From the records below, output exactly the lines starting at the line with "Scary Gothic Cat" and ending at the line with "USB флеш накопитель", both of them included, but no pictures.

Start of PROVIDED MATERIAL

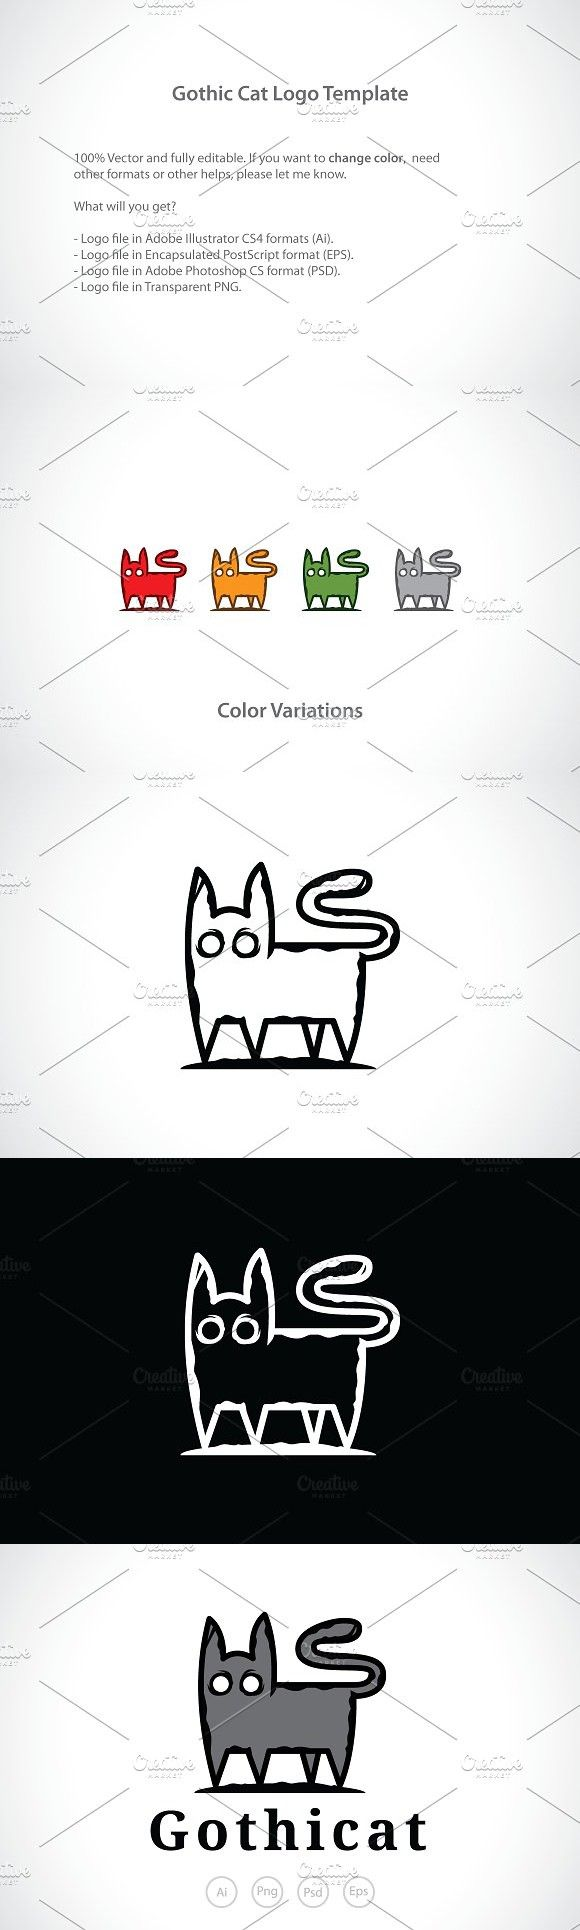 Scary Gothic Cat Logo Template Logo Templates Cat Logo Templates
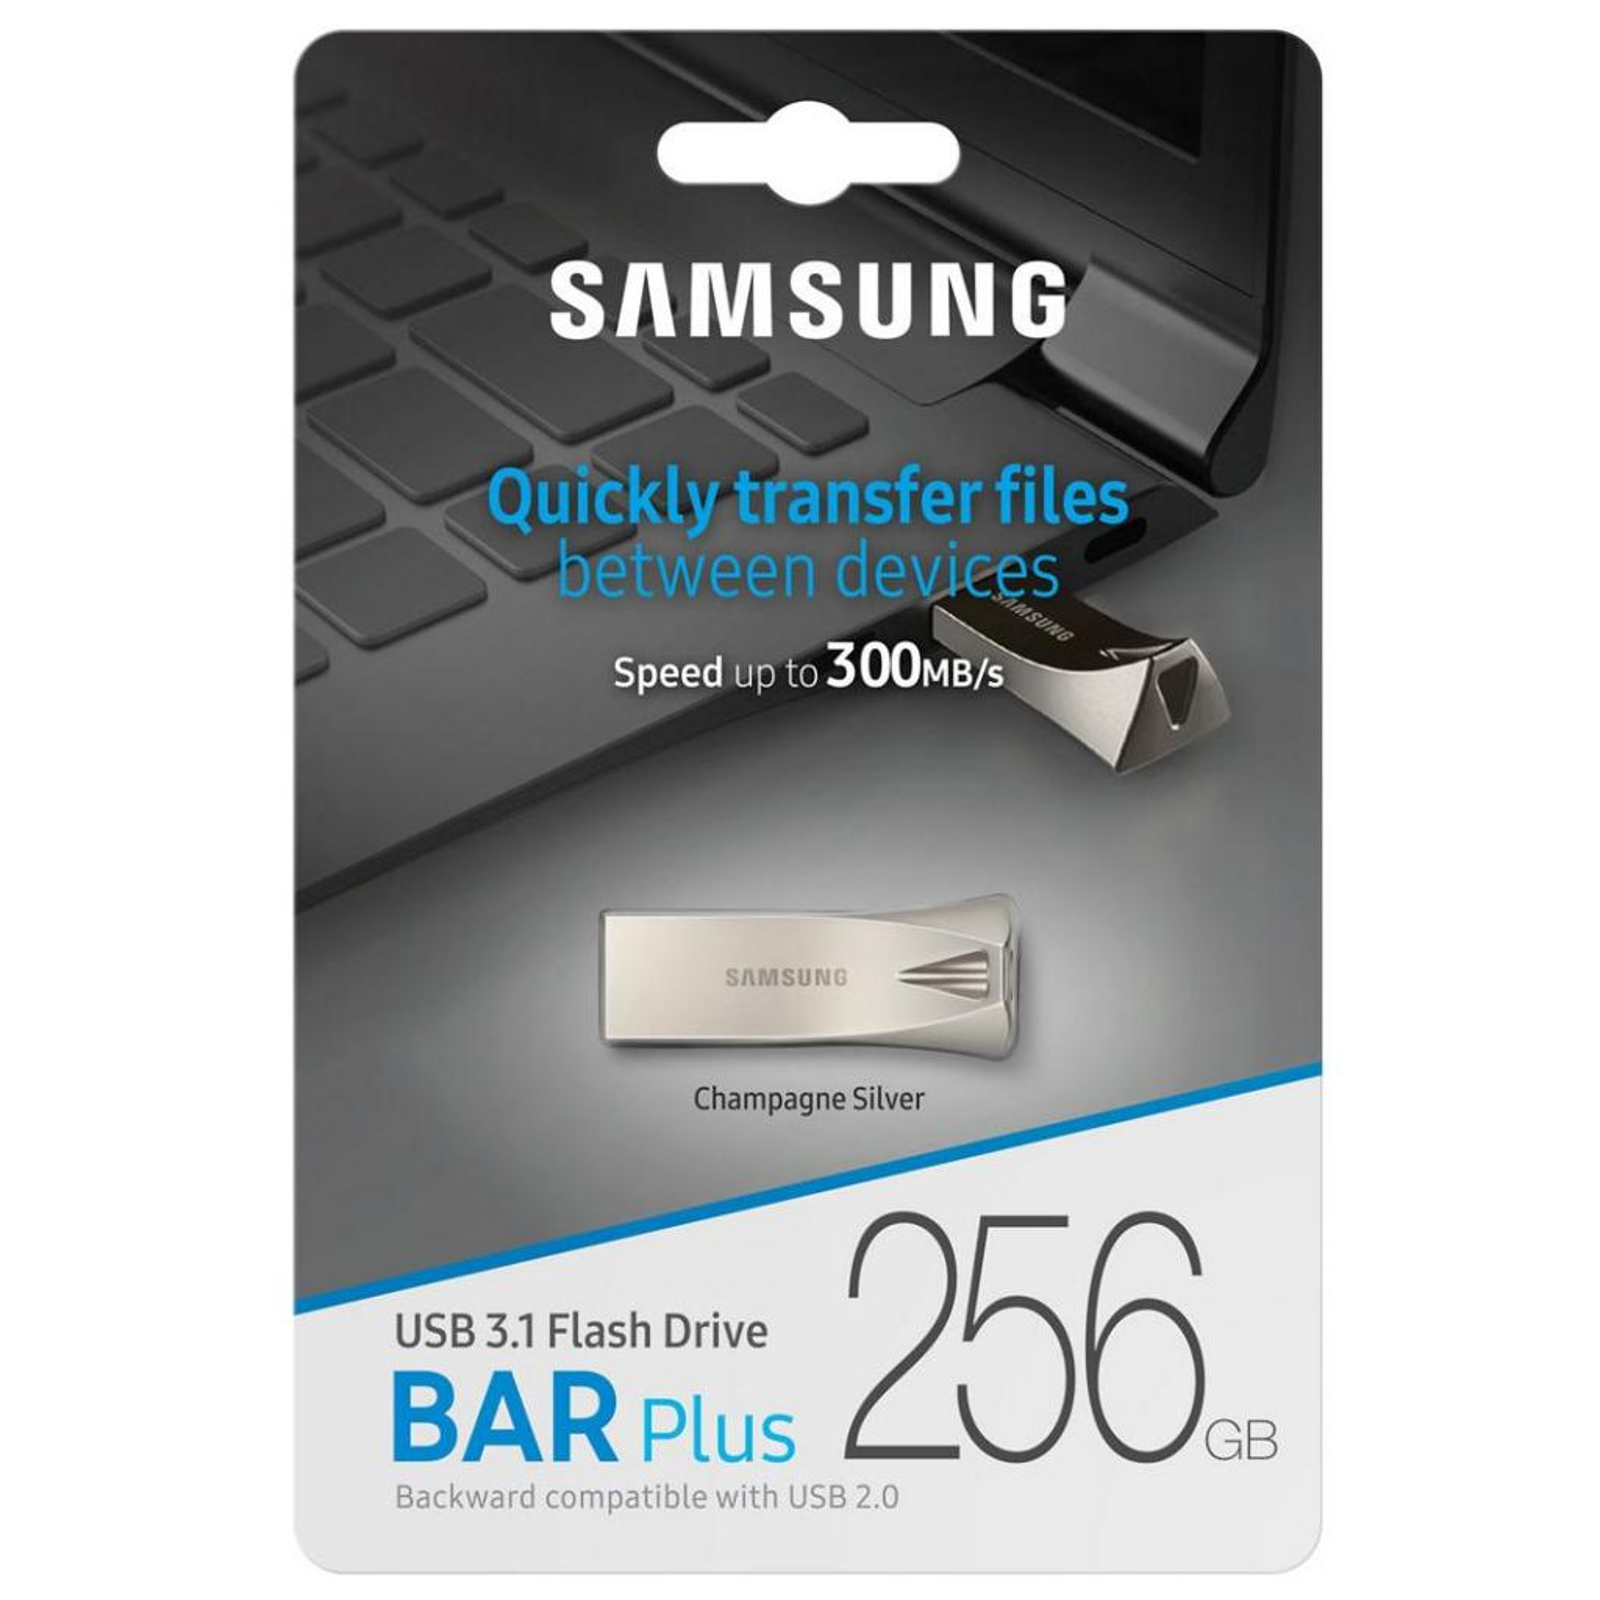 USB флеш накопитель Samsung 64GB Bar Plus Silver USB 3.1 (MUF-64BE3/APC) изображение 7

End of PROVIDED MATERIAL
Start of PROVIDED MATERIAL

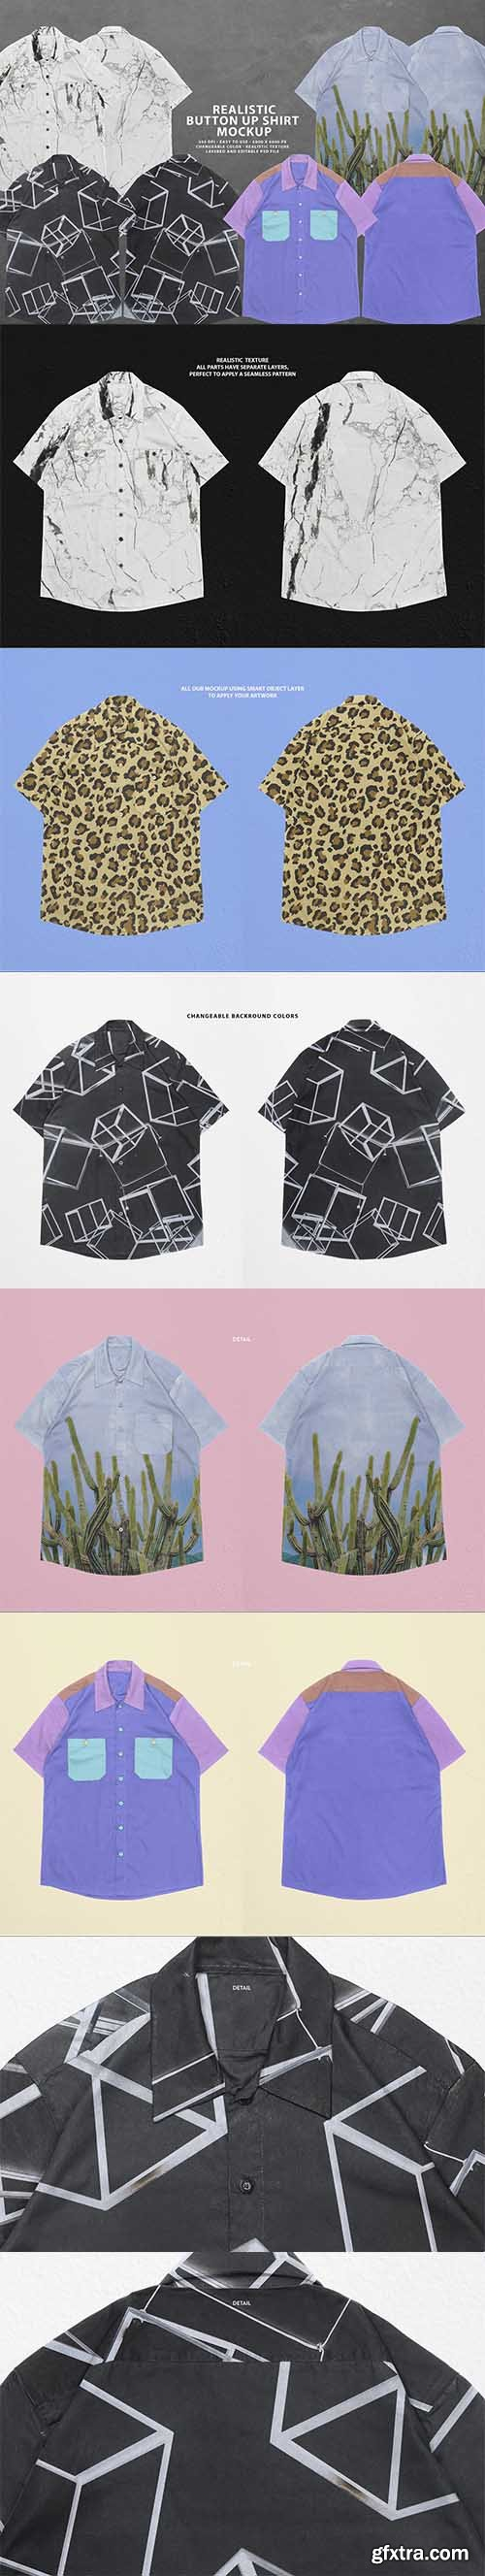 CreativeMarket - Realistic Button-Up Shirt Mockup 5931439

End of PROVIDED MATERIAL
Start of PROVIDED MATERIAL

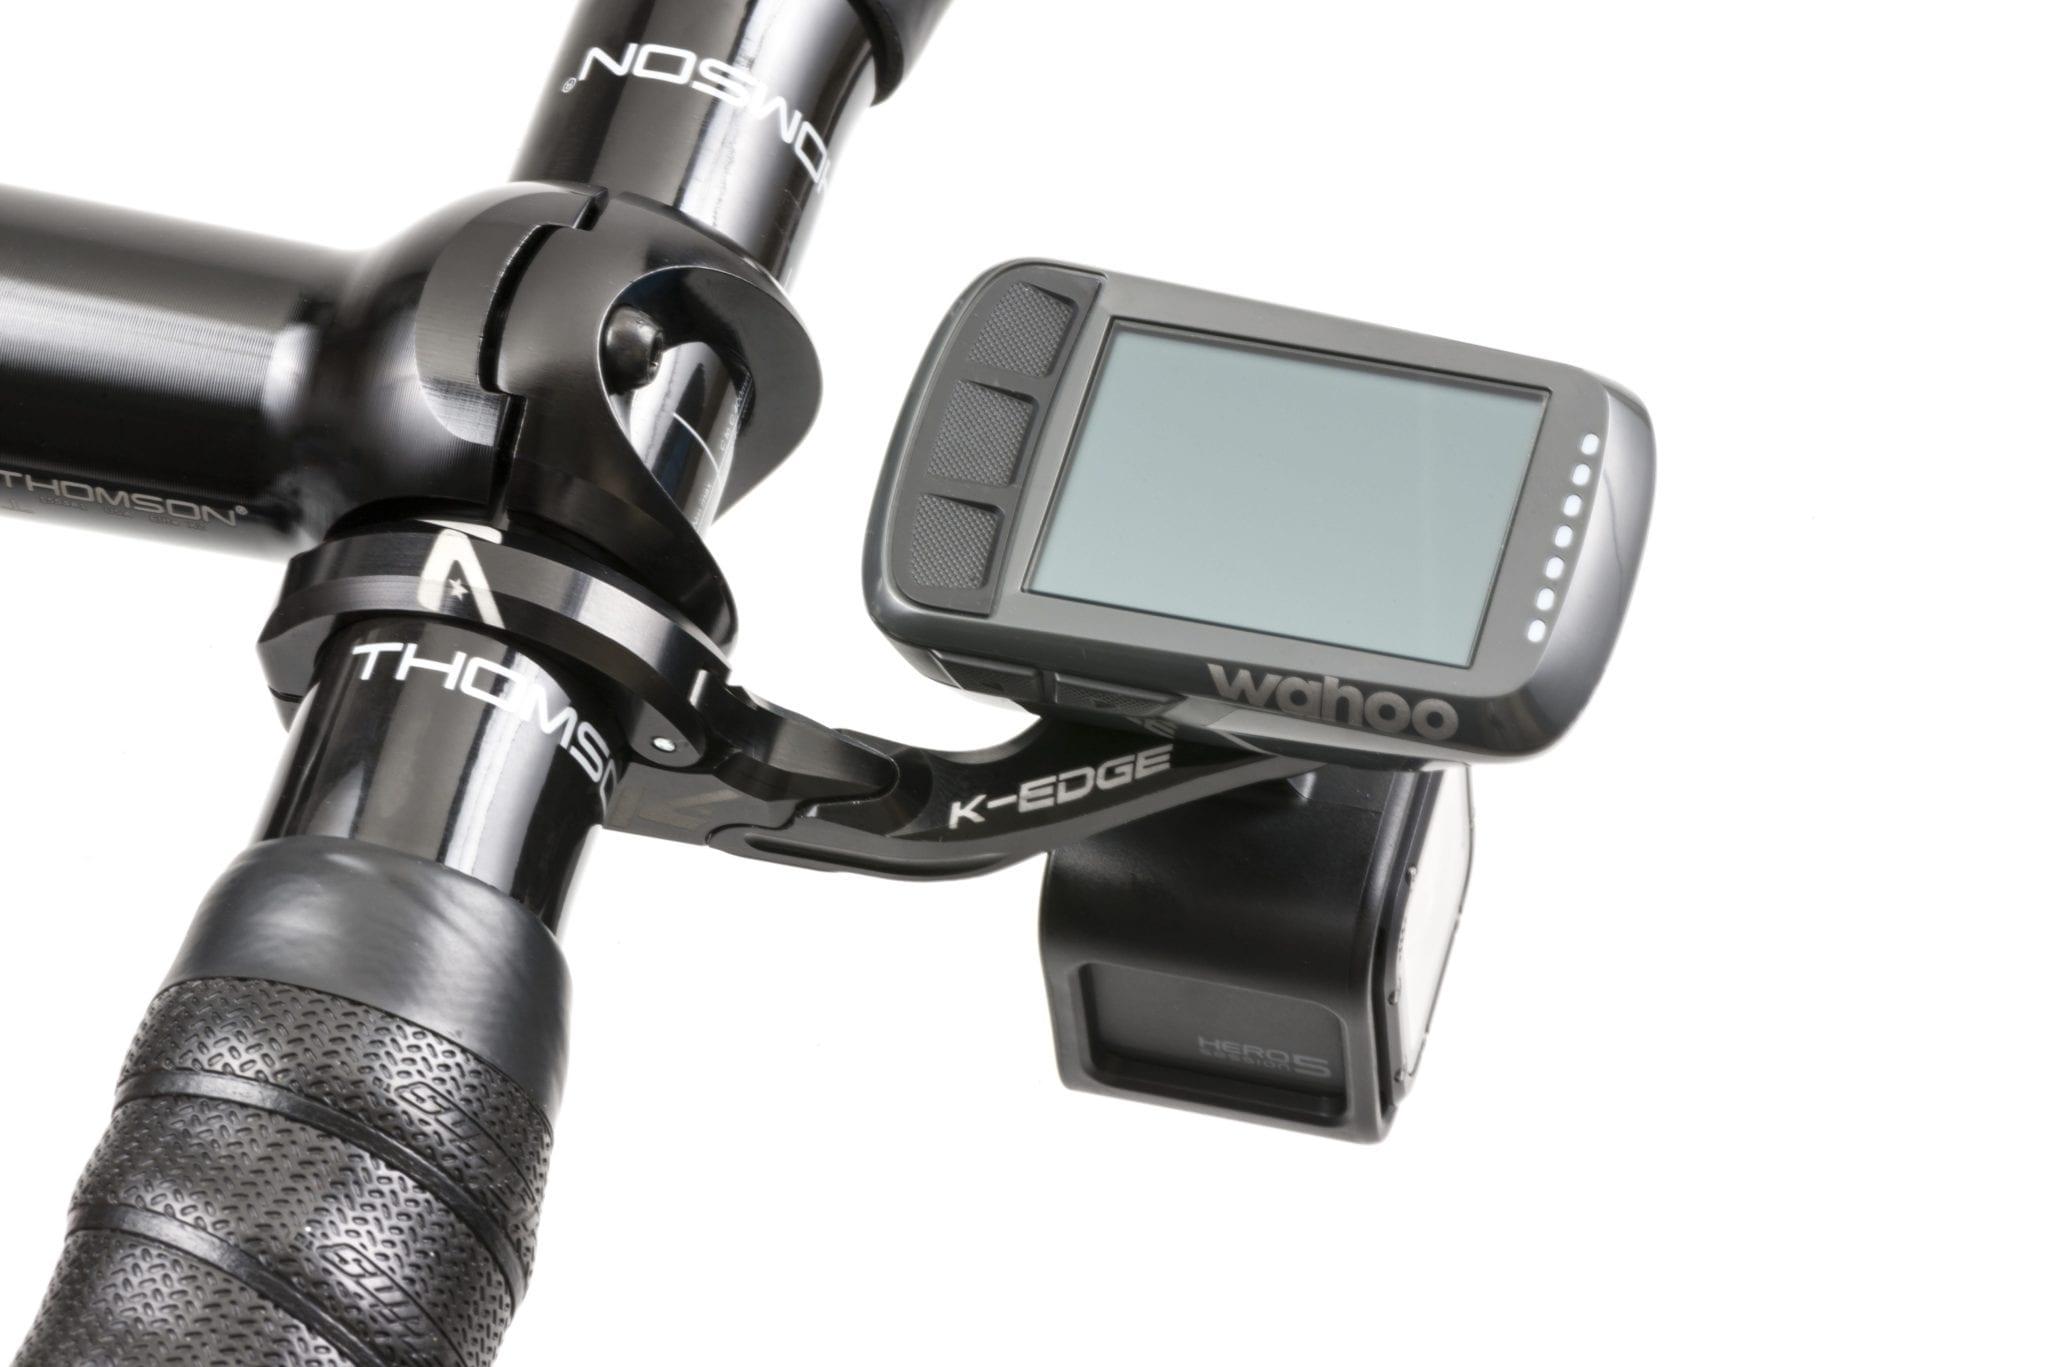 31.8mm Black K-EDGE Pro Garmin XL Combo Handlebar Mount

End of PROVIDED MATERIAL

RESPONSE TO THE EXERCISE:
 Scary Gothic Cat Logo Template Logo Templates Cat Logo Templates
 USB флеш накопитель Samsung 64GB Bar Plus Silver USB 3.1 (MUF-64BE3/APC) изображение 7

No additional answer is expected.